After the death of his father, Mathieu Young was welcomed into the family of a friend for nine months, the time to grieve and think about his future. After a month, he saw on television the story of Samuel Finn, who broke the Guinness record for the most burpees in 12 hours in honor of his brother who died of cancer.

“I just lost my father, I just had the worst year of my life,” says Mathieu. There, I see it on TV, and the first instinct I have is: “I want to do this too.” »

Searching the Guinness World Records website, he came across the fastest 10k with a 40lb backpack. It kind of clicked. “I saw the parallel with my father’s strength of character. Just having the weight of the bag… It’s the weight of losing a loved one, the weight of losing your job, the weight of illness. »

The plan was to do this in 2020, but the pandemic forced him to postpone the project. So he resumed training last January, with the support of his physical trainer. He goes to the VIP Gym in Repentigny five or six times a week.

On October 14, exactly three years after the death of his father, Mathieu Young will attempt to smash the record of 41 min 24 s on the athletics track at Jean-Baptiste-Meilleur high school in Repentigny. . Family and friends will be there to cheer him on. And he invites anyone who wants to join them.

On March 28, his father’s birthday, Mathieu posted a video about his challenge on TikTok. Since then, encouragement has come from all sides. Many Internet users, touched, told him their story.

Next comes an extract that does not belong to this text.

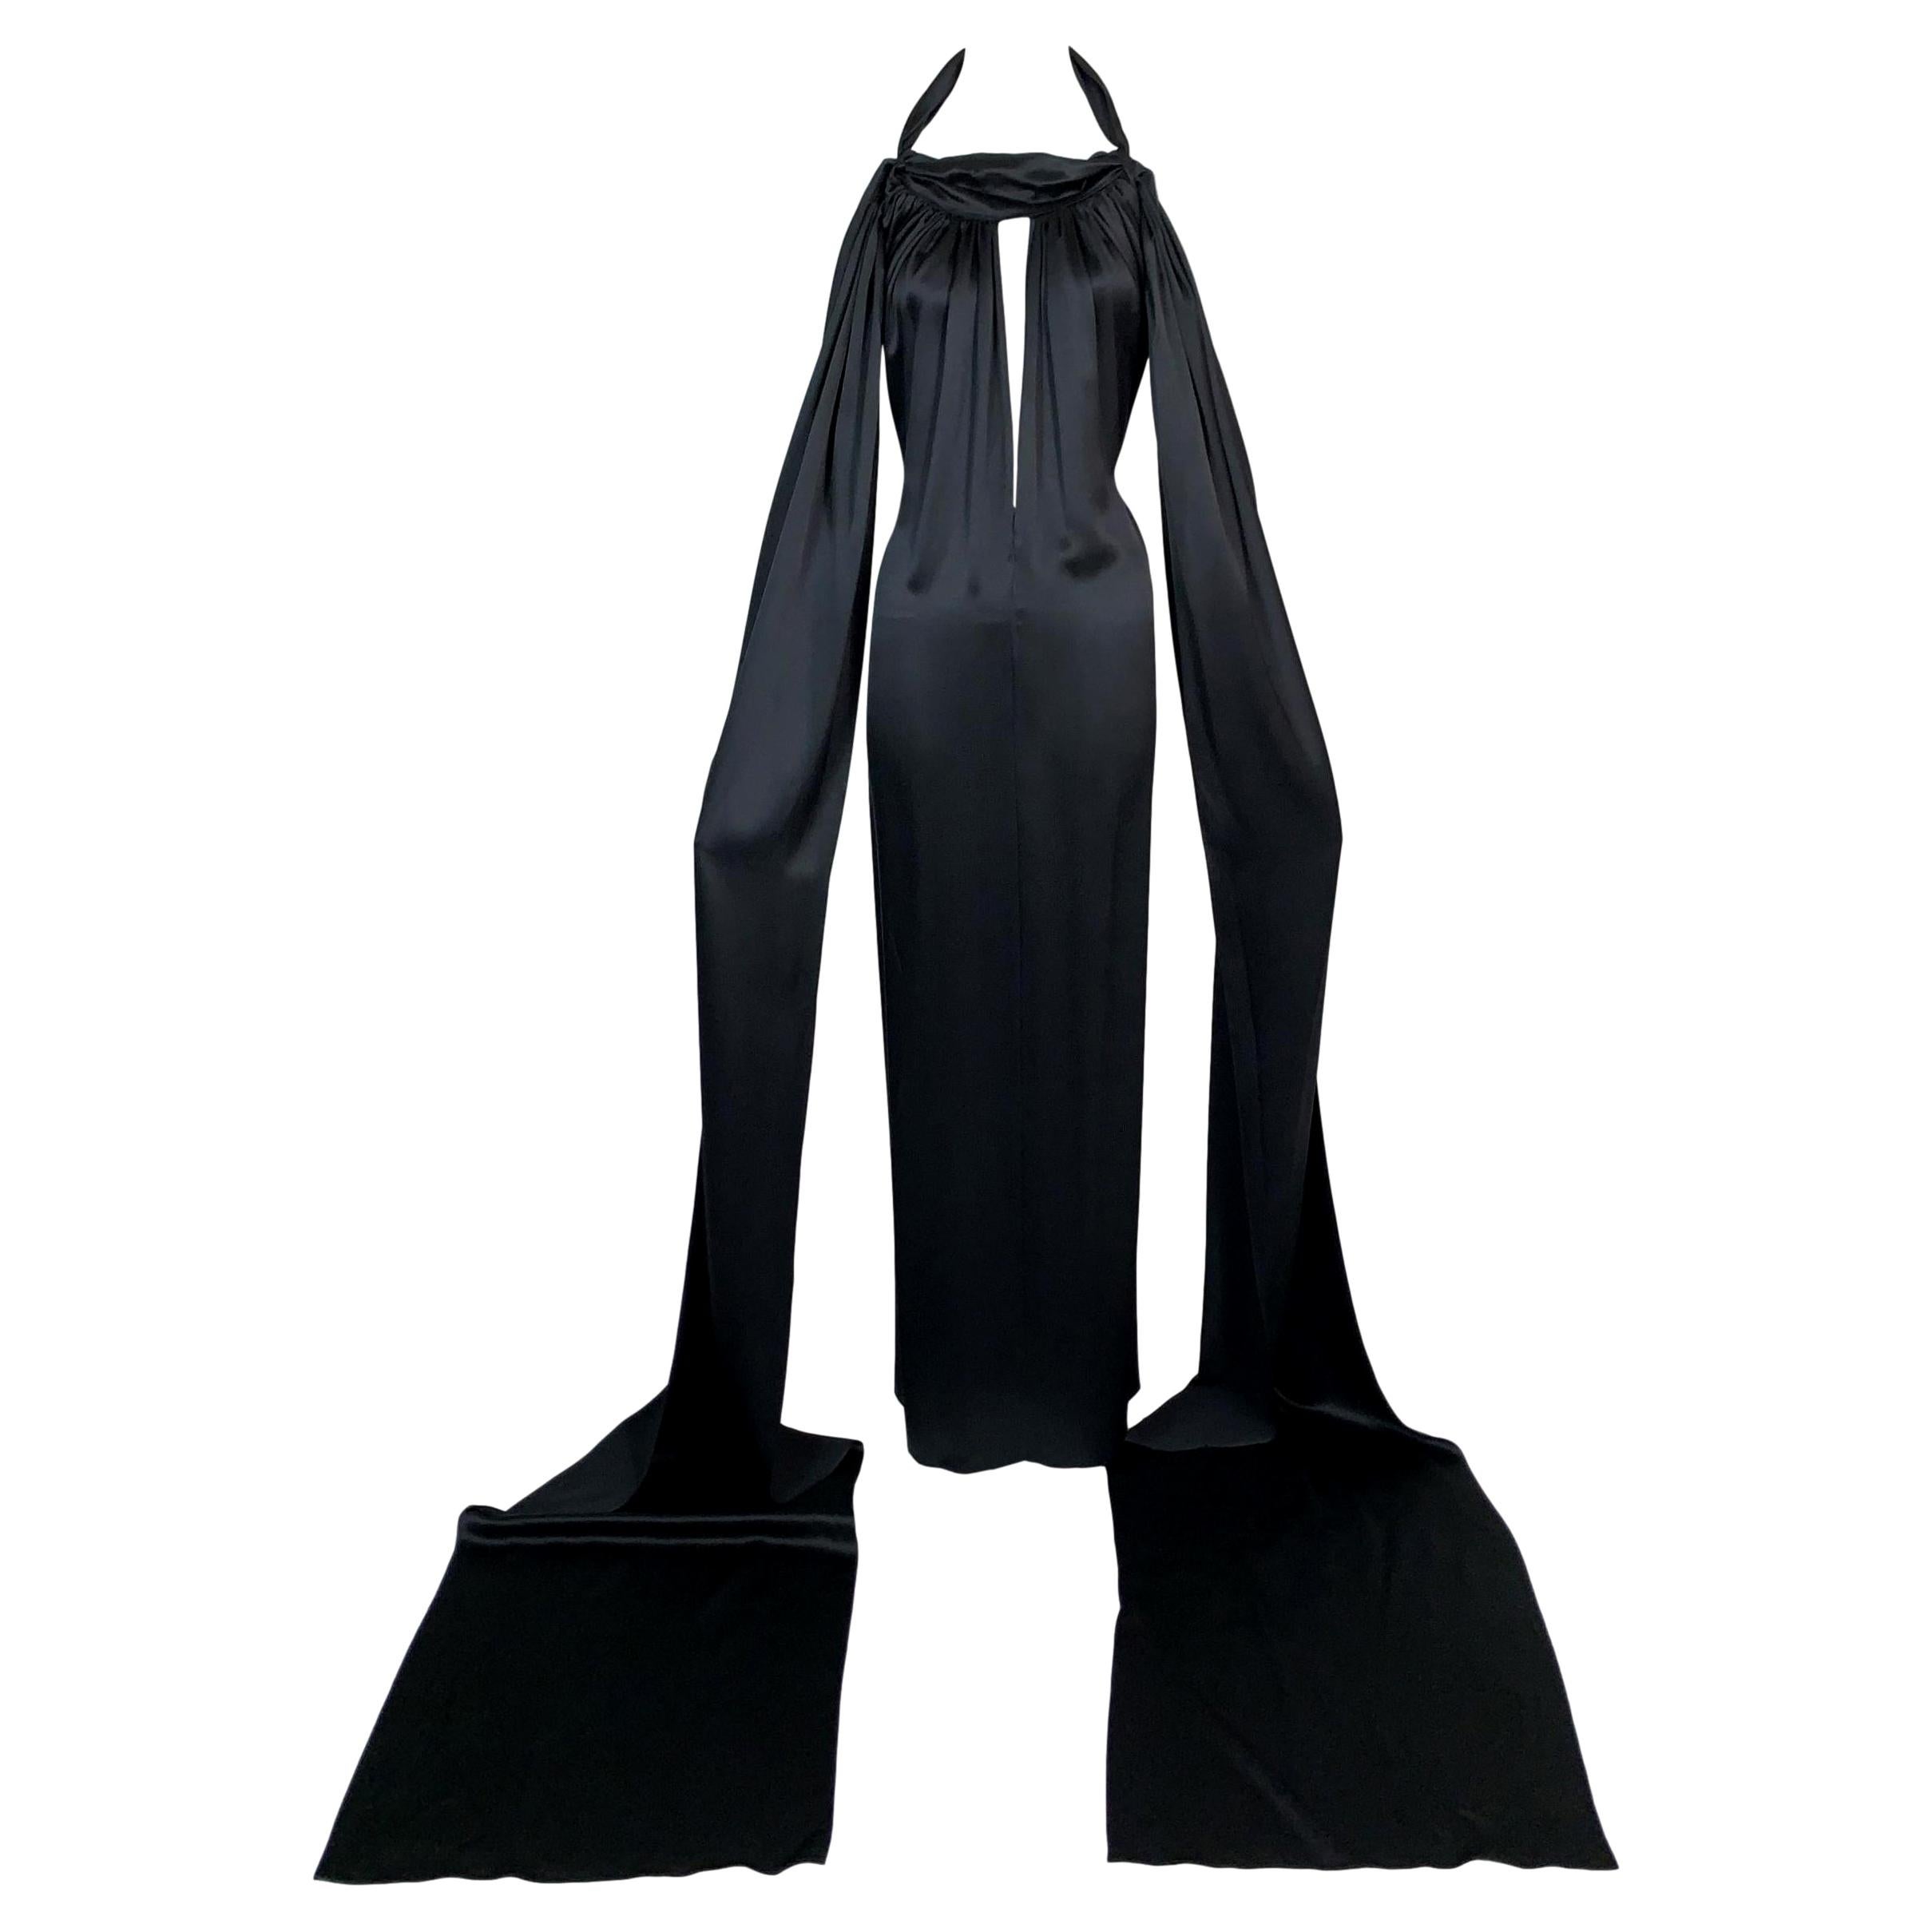 NWT 2001 Yves Saint Laurent Tom Ford Black Satin Plunging Column Gown Dress

“I was lucky to have people who helped me through my grief,” Mathieu said. There are so many who go through hardships like this and are just left to their own devices. [This challenge] is like a pat on the back: you are not alone. »

“I’m doing it for me, for my dad and everyone it inspires,” he adds.

As his father taught him, he will fight until the end.

If you need support, are having suicidal thoughts, or are worried about someone close to you, call 1-866-CALL (1-866-277-3553). A suicide prevention worker is available to you 24 hours a day, seven days a week.